In the prior art, it can collect in advance and store the access address of network access to white list or blacklist, wherein Include the access address of safety in white list, include in blacklist there may be the access address of the network of network attack access, And the access address stored in the access address and blacklist or white list that are used for network access can be compared, thus really Whether fixed network access includes network attack.But since the access address for including in white and black list is limited, and need The access address for carrying out network access is precisely matched and can be accessed network with the access address in white list or blacklist It is detected, therefore the reliability and accuracy that identify are lower, it is likely that the problem of will cause wrong report and failing to report.
Summary of the invention
In view of the above problems, it proposes on the application overcomes the above problem or at least be partially solved in order to provide one kind State the data processing method and device of problem.

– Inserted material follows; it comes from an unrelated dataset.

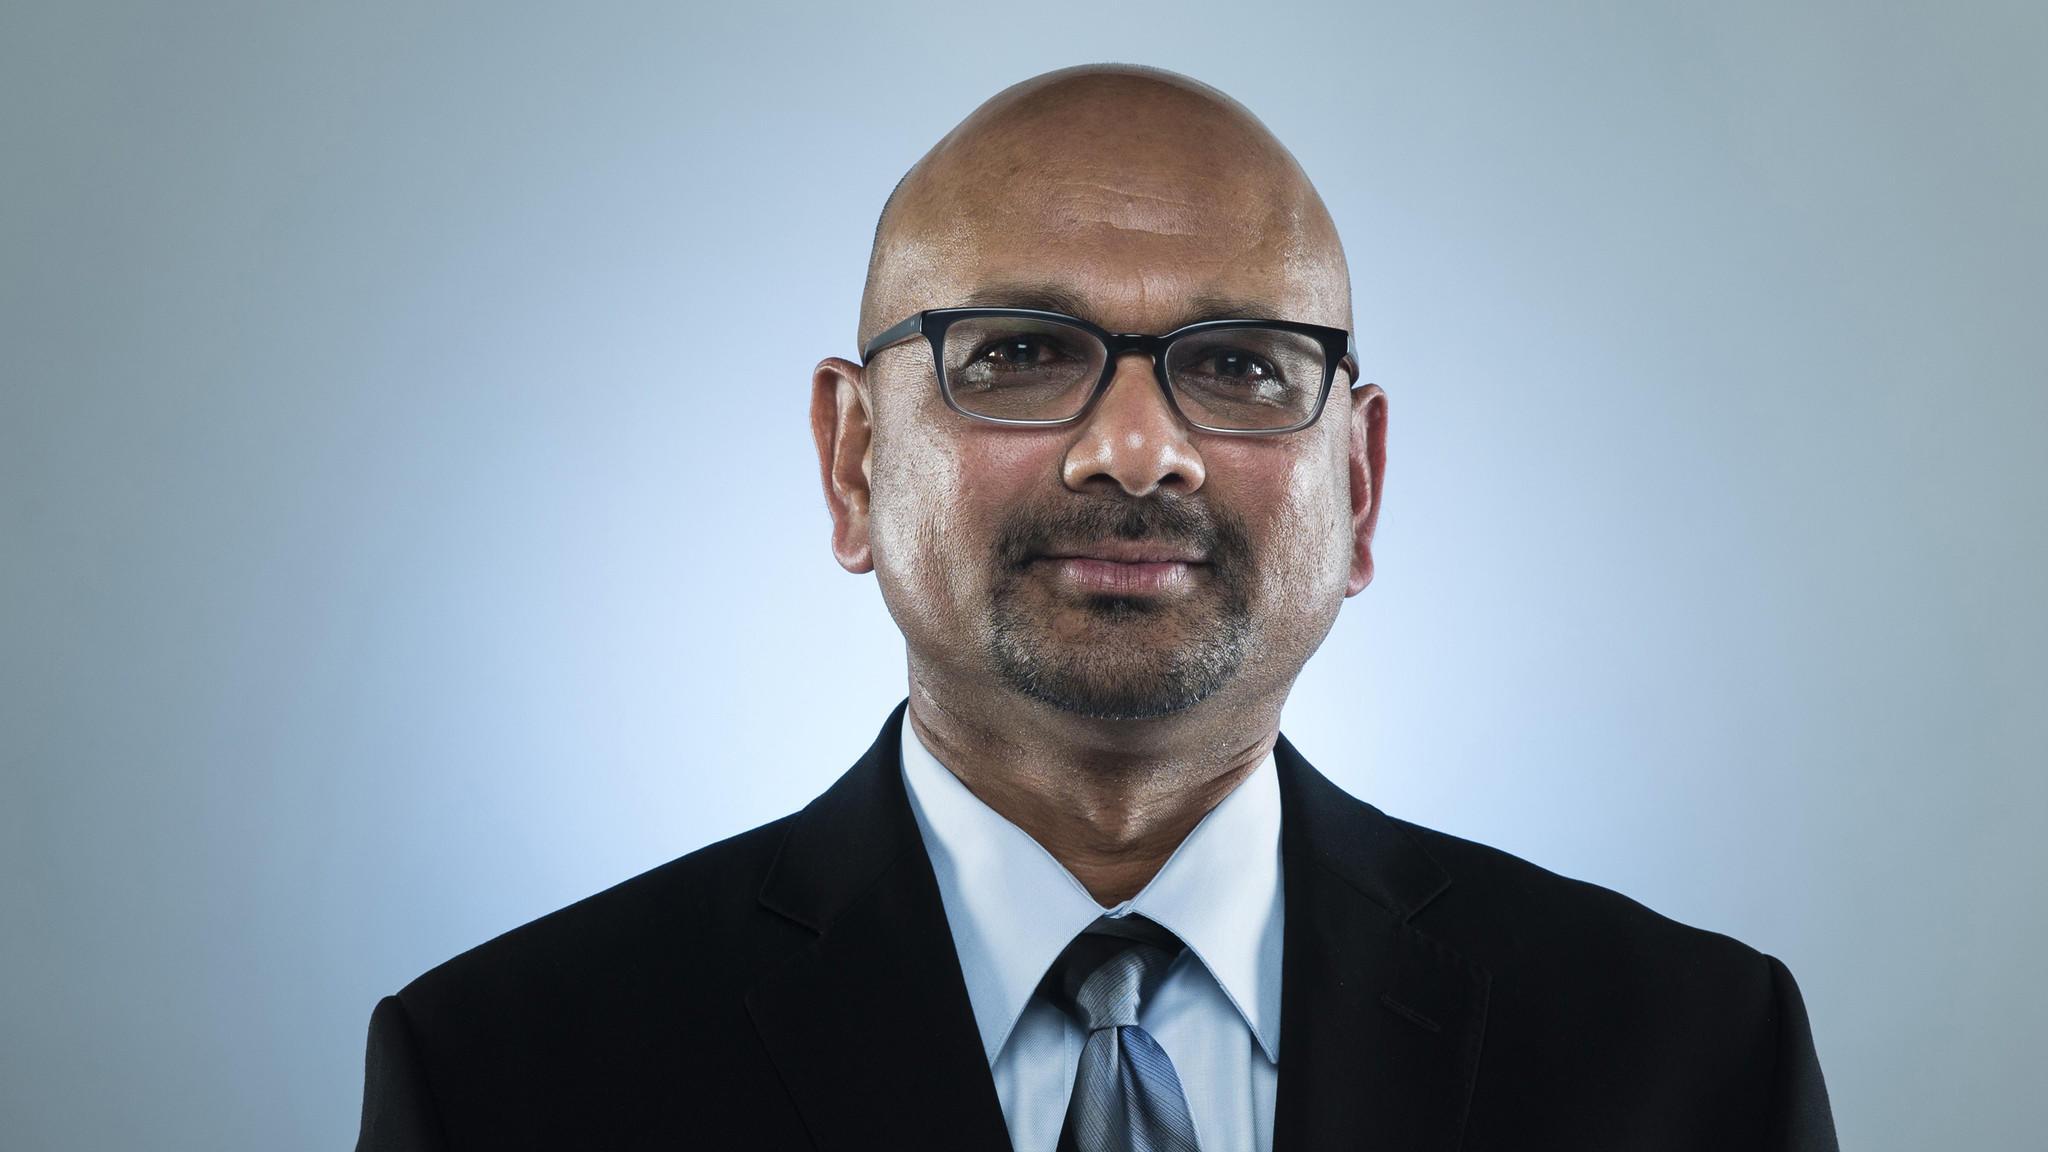 Indian-American editor Davan Maharaj

This application provides a kind of data processing methods, comprising:
Obtain the data acquisition system of characterization network access;
Identify the data area for meeting preset condition in the data acquisition system;
According to the data area, it is determined whether prevent the corresponding network access in the data area.
Optionally, the data acquisition system for obtaining characterization network access includes:
Extract the access address of network access;
Determine the access address mapped data acquisition system.
Optionally, the determination access address mapped data acquisition system includes:
Determine the corresponding character vector of each character in the access address;
The corresponding character vector group of multiple characters is combined into the corresponding data matrix of access address as the data acquisition system.
Optionally, described according to the data area, it is determined whether to prevent the corresponding network access packet in the data area It includes:
Semantics recognition is carried out to the data area using nervus opticus network model, it is corresponding to obtain the data area Target attack risk classifications;
Grammer is carried out to the data area using the corresponding third nerve network model of the target attack risk classifications Identification, and determined whether that the corresponding network in the data area is prevented to access according to grammer recognition result.
Optionally, in the determination access address before the corresponding character vector of each character, the determining institute State access address mapped data acquisition system further include:
Remove the meaningless character in the access address.
Optionally, the data acquisition system for obtaining characterization network access includes:
Obtain the data acquisition system for characterizing multiple network access;
The data area for meeting preset condition in the identification data acquisition system includes:
Identify the data area of the multiple network access of the correspondence for meeting preset condition in the data acquisition system.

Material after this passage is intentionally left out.